* **ABOUT THIS TASK**:
Only the lines from the one holding "sealy 8 inch memory foam queen mattress" to the end of the data should be echoed, exactly as they appear, minus the pictures.
DATA section start
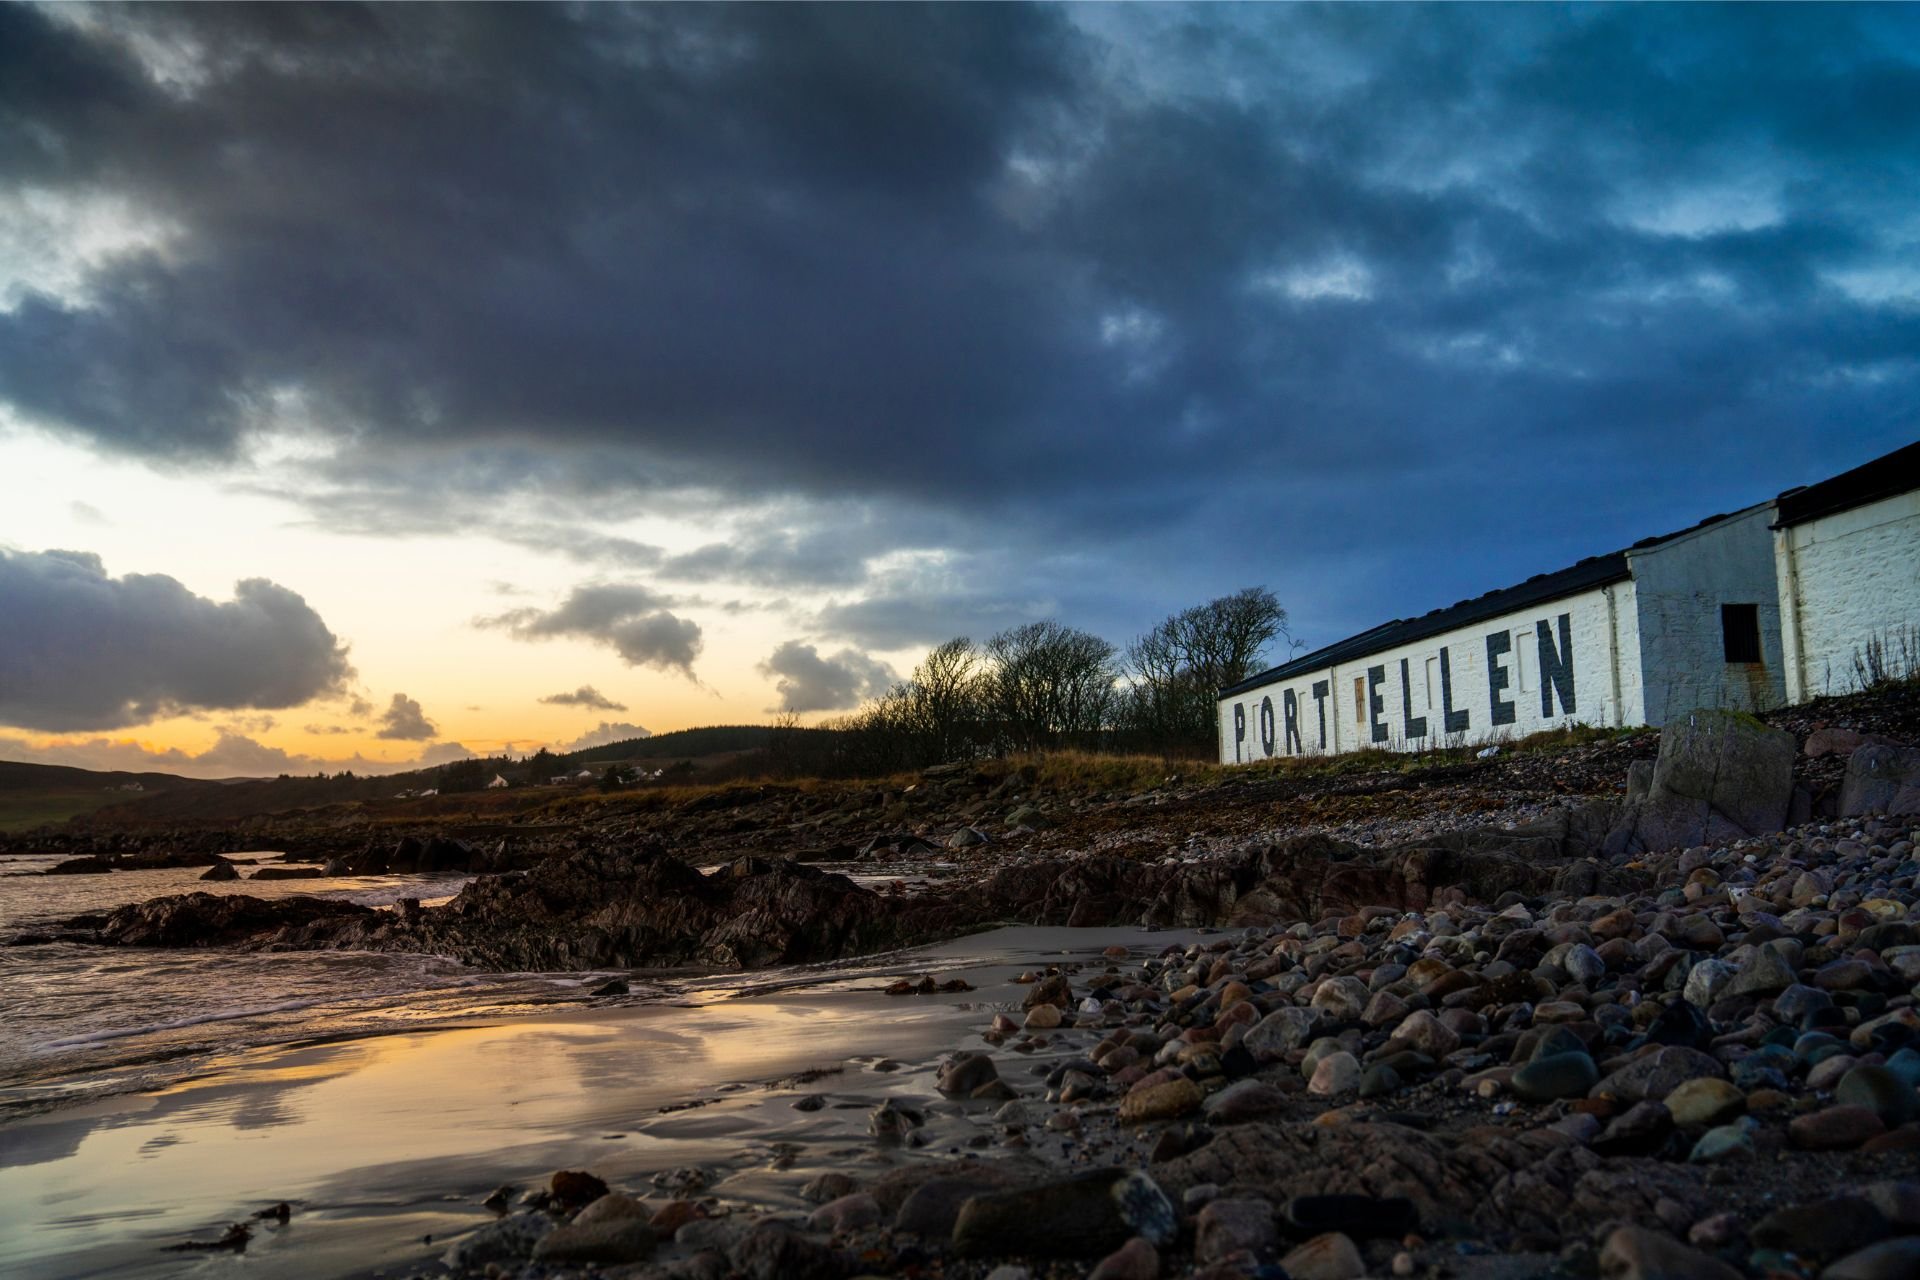 The Port Ellen Distillery in Scotland
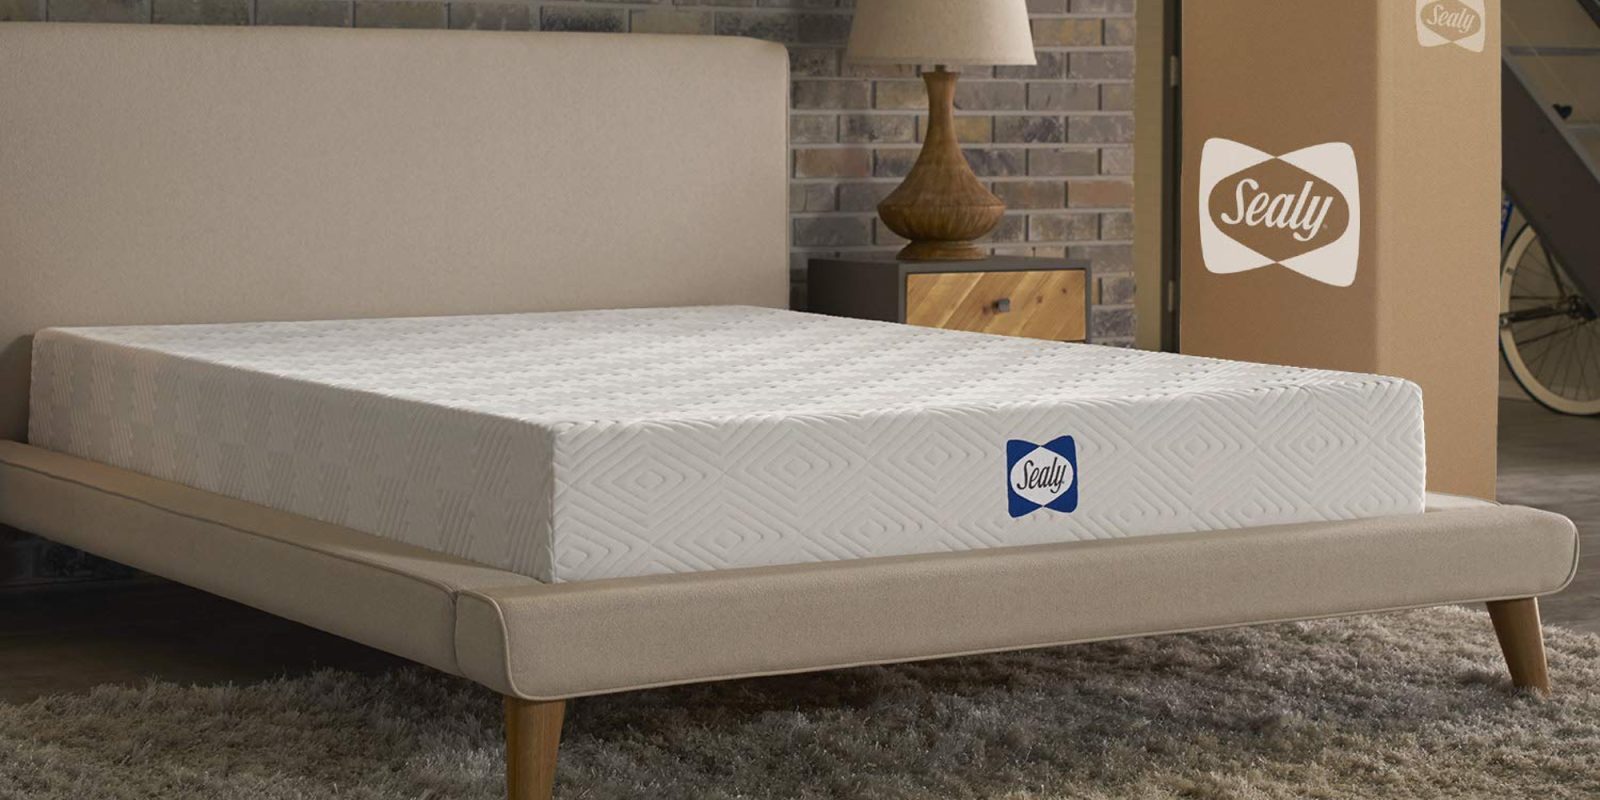 sealy 8 inch memory foam queen mattress
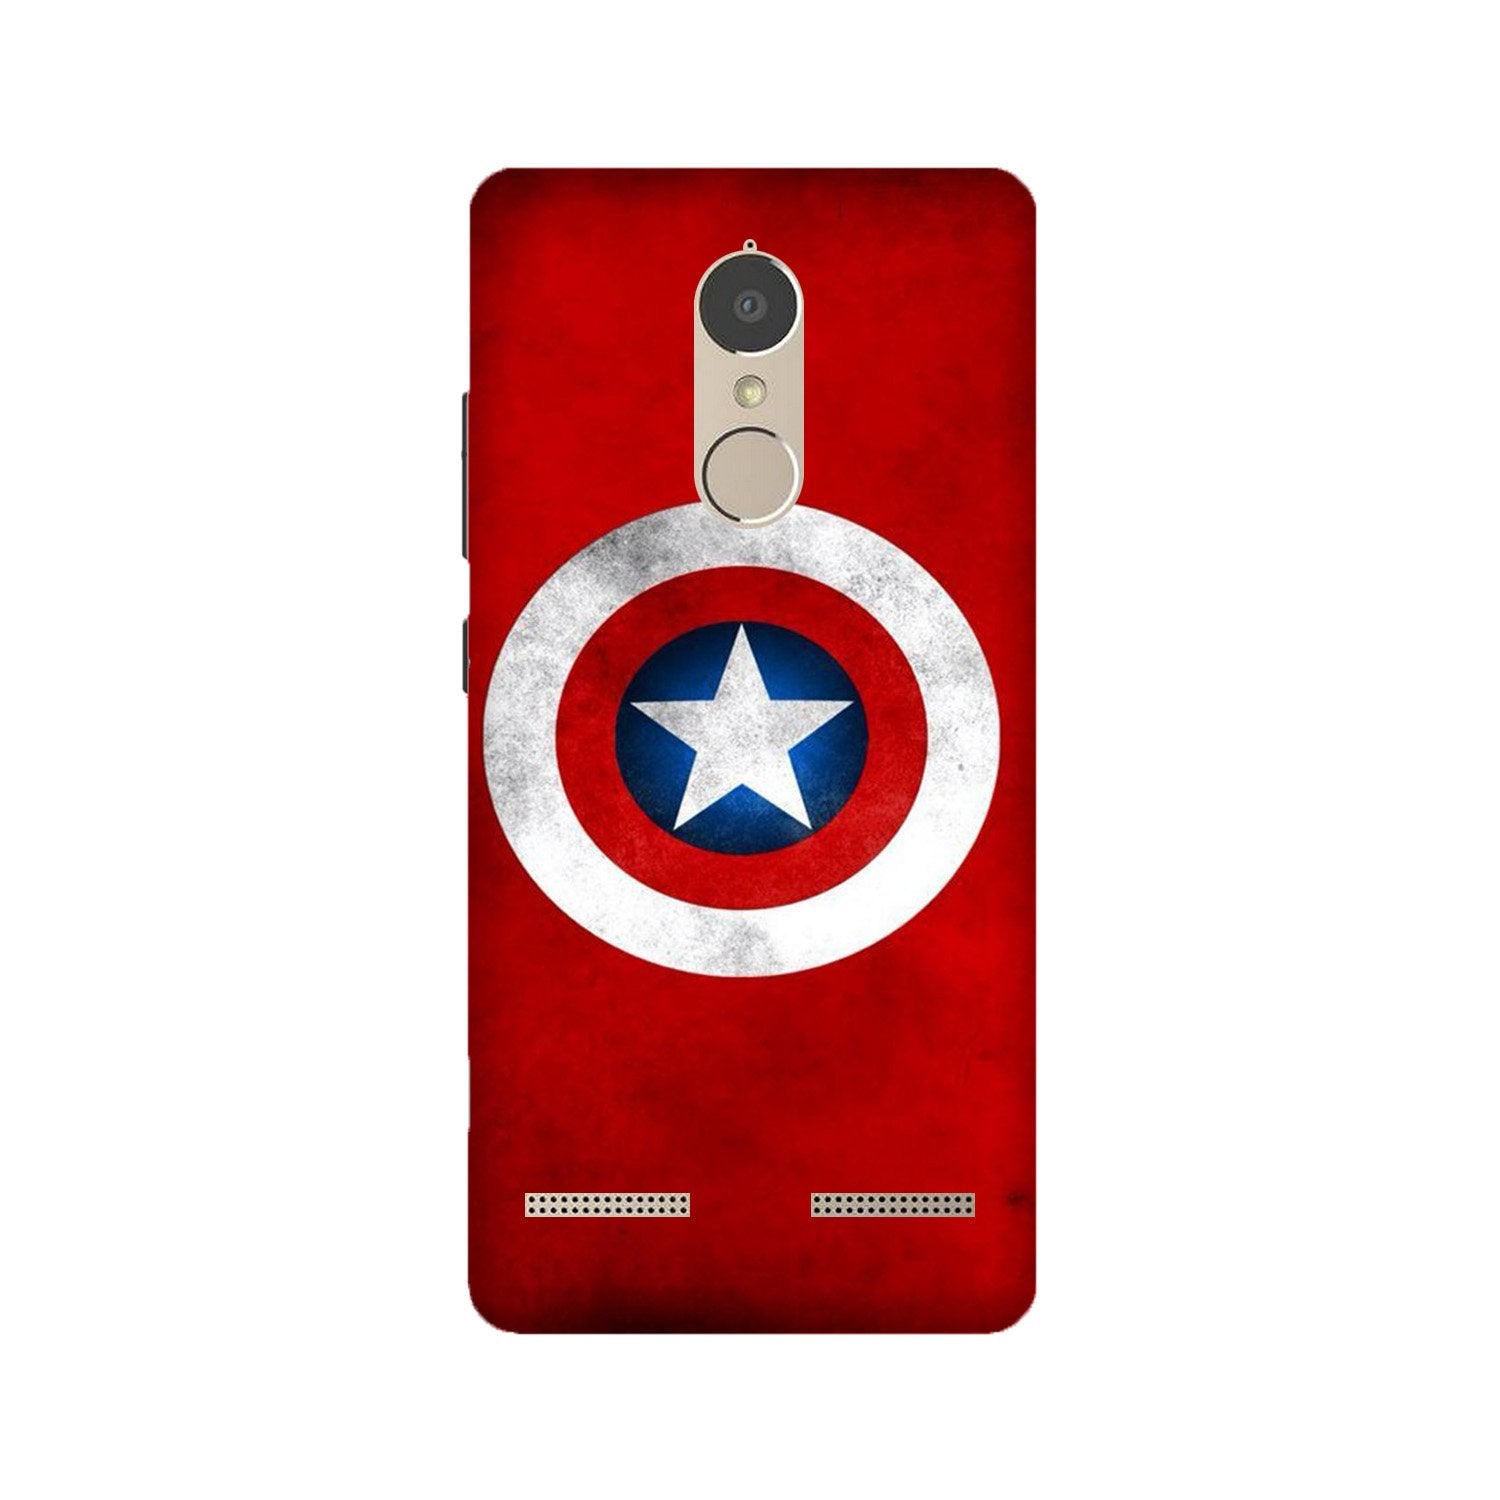 Captain America Case for Lenovo K6 / K6 Power (Design No. 249)
DATA section end
* **TASK OUTPUT**:
 sealy 8 inch memory foam queen mattress
 Captain America Case for Lenovo K6 / K6 Power (Design No. 249)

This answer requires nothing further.